Some of the given answers already seem to have nice properties like this, but another alternative is Ray (docs), which is a framework for writing parallel Python. In Ray, you would do it like this:

import ray

# Start Ray. This creates some processes that can do work in parallel.
ray.init()

# Add this line to signify that the function can be run in parallel (as a
# "task"). Ray will load-balance different `square` tasks automatically.
@ray.remote
def square(x):
    return x * x

# Create some parallel work using a list comprehension, then block until the
# results are ready with `ray.get`.
ray.get([square.remote(x) for x in range(1000)])
Answered By: Stephanie Wang

You can use asyncio. (Documentation can be found [here][1]). It is used as a foundation for multiple Python asynchronous frameworks that provide high-performance network and web-servers, database connection libraries, distributed task queues, etc. Plus it has both high-level and low-level APIs to accomodate any kind of problem.

import asyncio

def background(f):
    def wrapped(*args, **kwargs):
        return asyncio.get_event_loop().run_in_executor(None, f, *args, **kwargs)

    return wrapped

@background
def your_function(argument):
    #code

Now this function will be run in parallel whenever called without putting main program into wait state. You can use it to parallelize for loop as well. When called for a for loop, though loop is sequential but every iteration runs in parallel to the main program as soon as interpreter gets there.

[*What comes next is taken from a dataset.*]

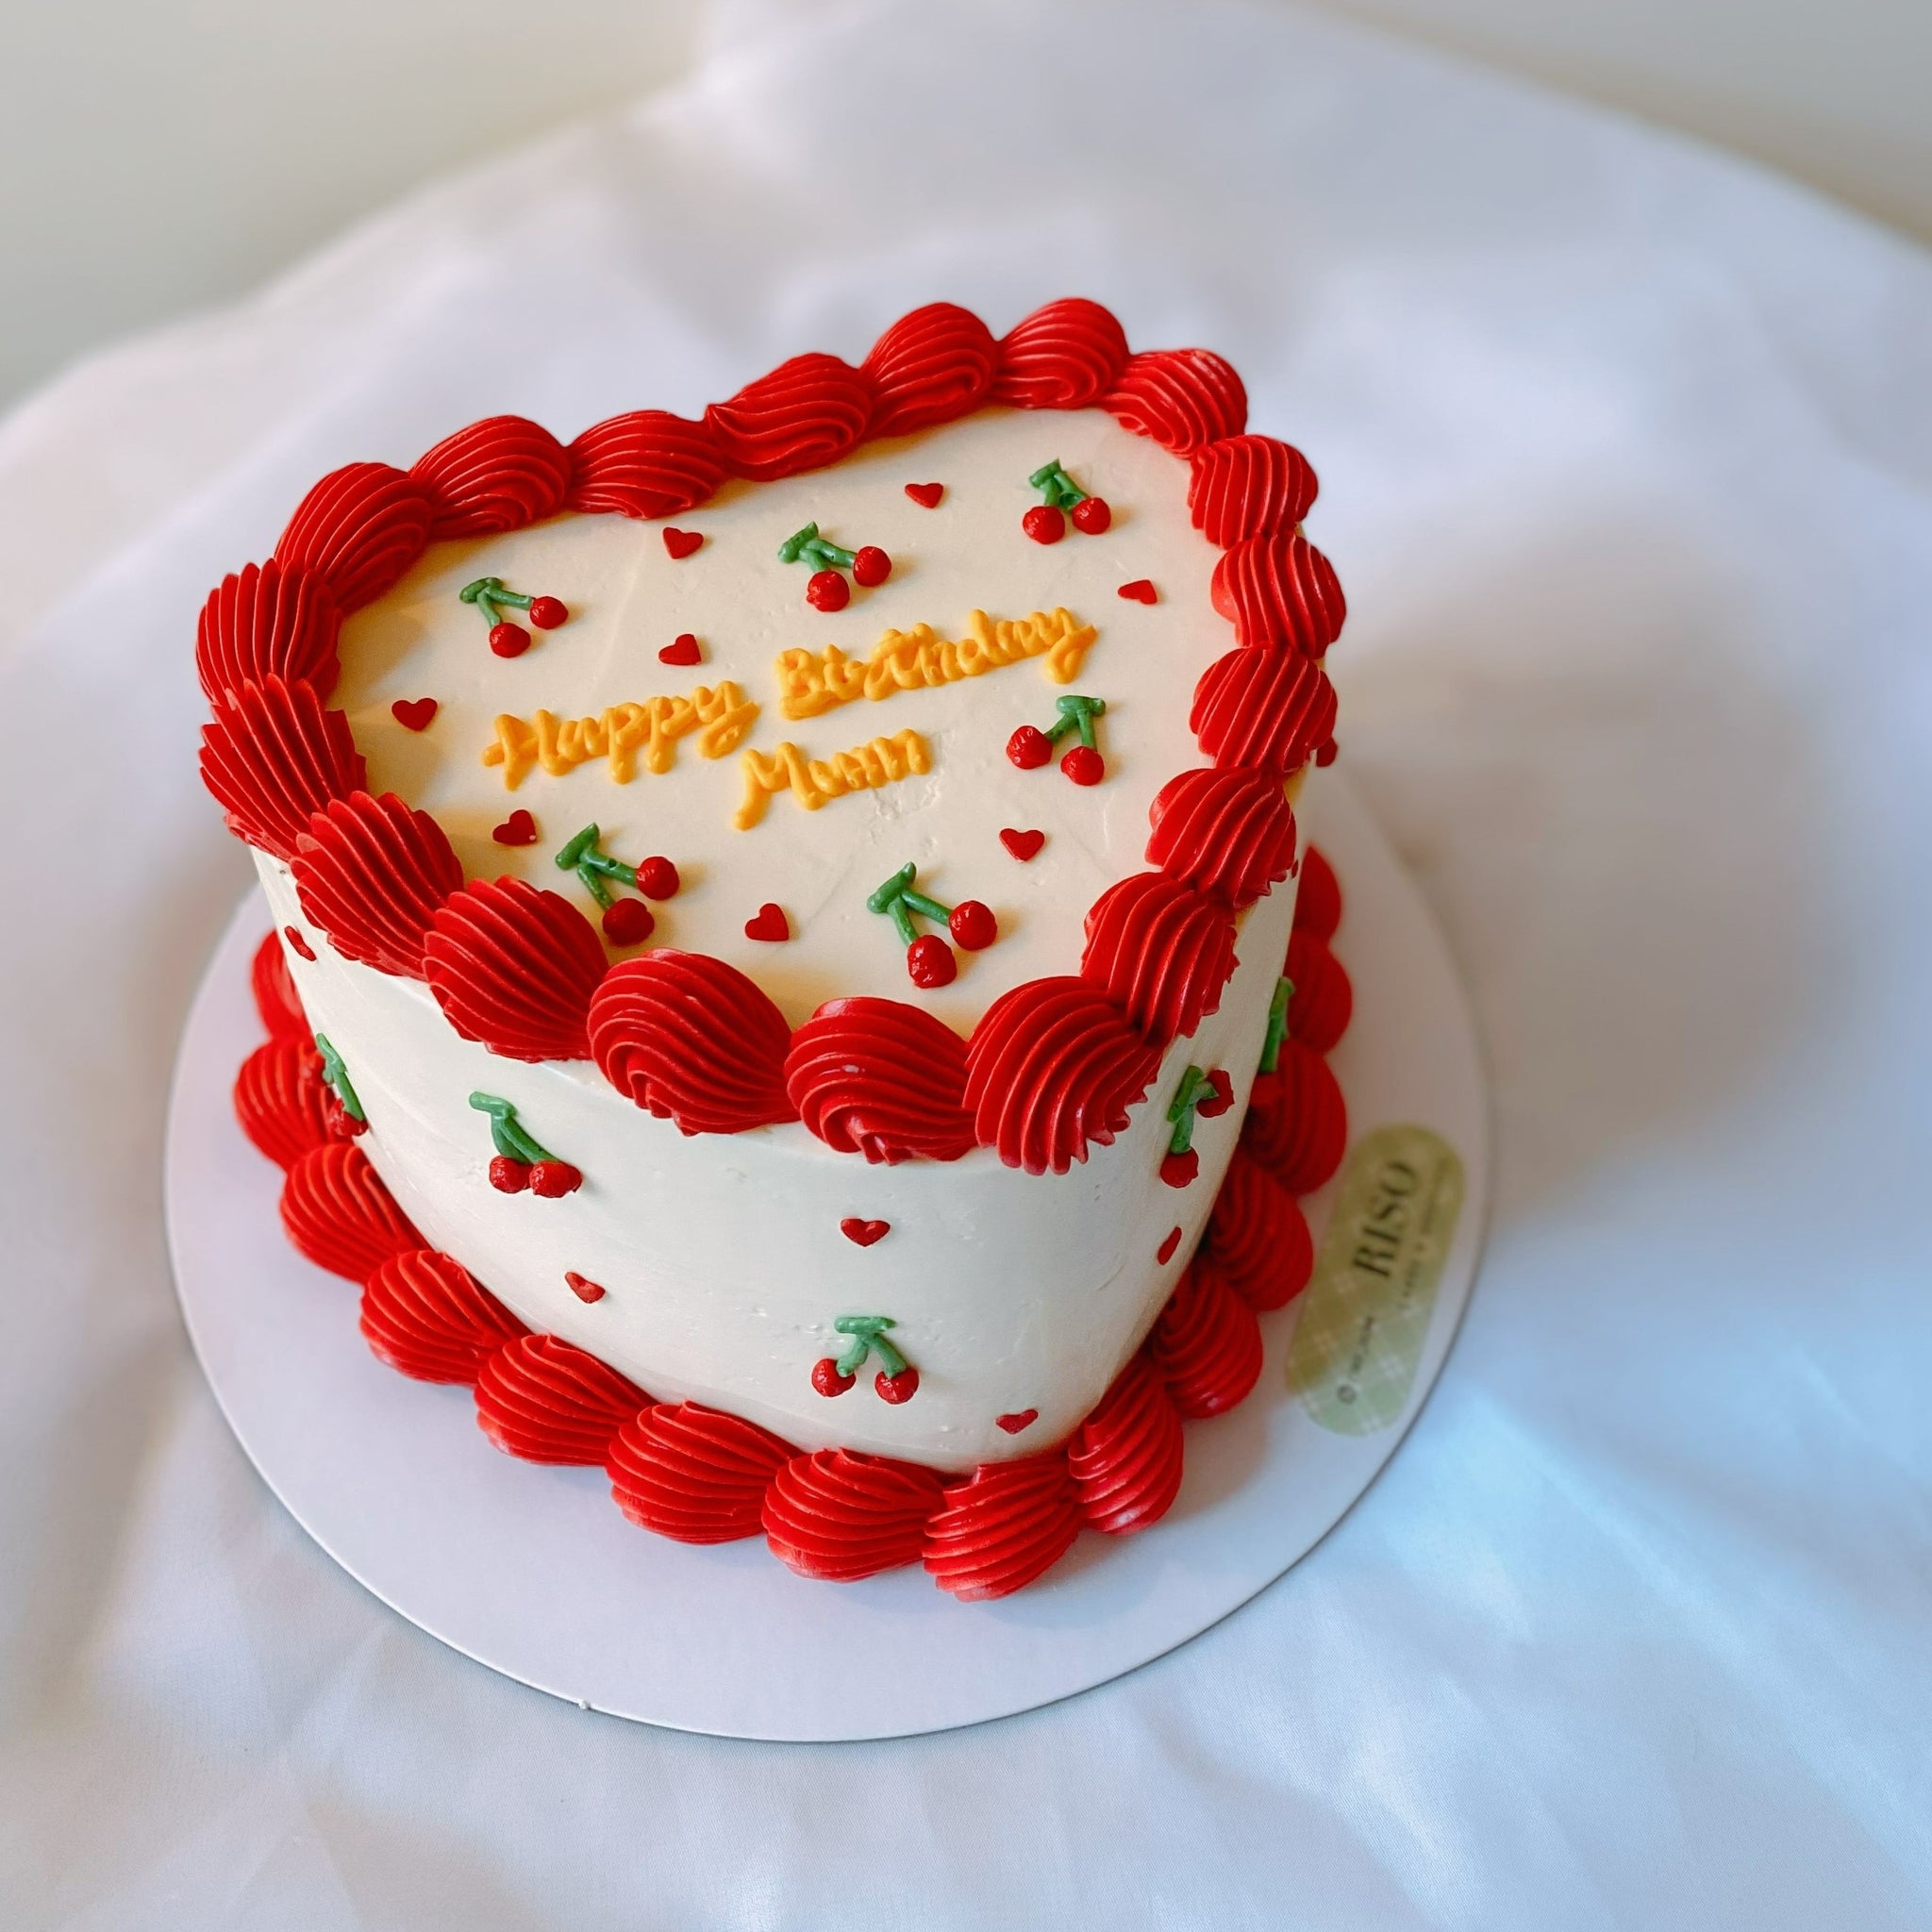 Toy Story Cakes - Decorated Cake by Sugar Sweet Cakes - CakesDecor

For your specific case, you can do:

import asyncio
import time


def background(f):
    def wrapped(*args, **kwargs):
        return asyncio.get_event_loop().run_in_executor(None, f, *args, **kwargs)                                   
    return wrapped


@background
def op(x):                                           # Do any operation you want
    time.sleep(1)
    print(f"function called for {x=}n", end='')
    return x*x


loop = asyncio.get_event_loop()                      # Have a new event loop

looper = asyncio.gather(*[op(i) for i in range(20)]) # Run the loop; Doing for 20 for better demo
                             
results = loop.run_until_complete(looper)            # Wait until finish

print('List comprehension has finished and results are gathered!')      
print(results)

This produces following output:

function called for x=5
function called for x=4
function called for x=2
function called for x=0
function called for x=6
function called for x=1
function called for x=7
function called for x=3
function called for x=8
function called for x=9
function called for x=10
function called for x=12
function called for x=11
function called for x=15
function called for x=13
function called for x=14
function called for x=16
function called for x=17
function called for x=18
function called for x=19
List comprehension has finished and results are gathered!
[0, 1, 4, 9, 16, 25, 36, 49, 64, 81, 100, 121, 144, 169, 196, 225, 256, 289, 324, 361]

Note that all function calls were in parallel thus shuffled prints however original order is preserved in the resulting list.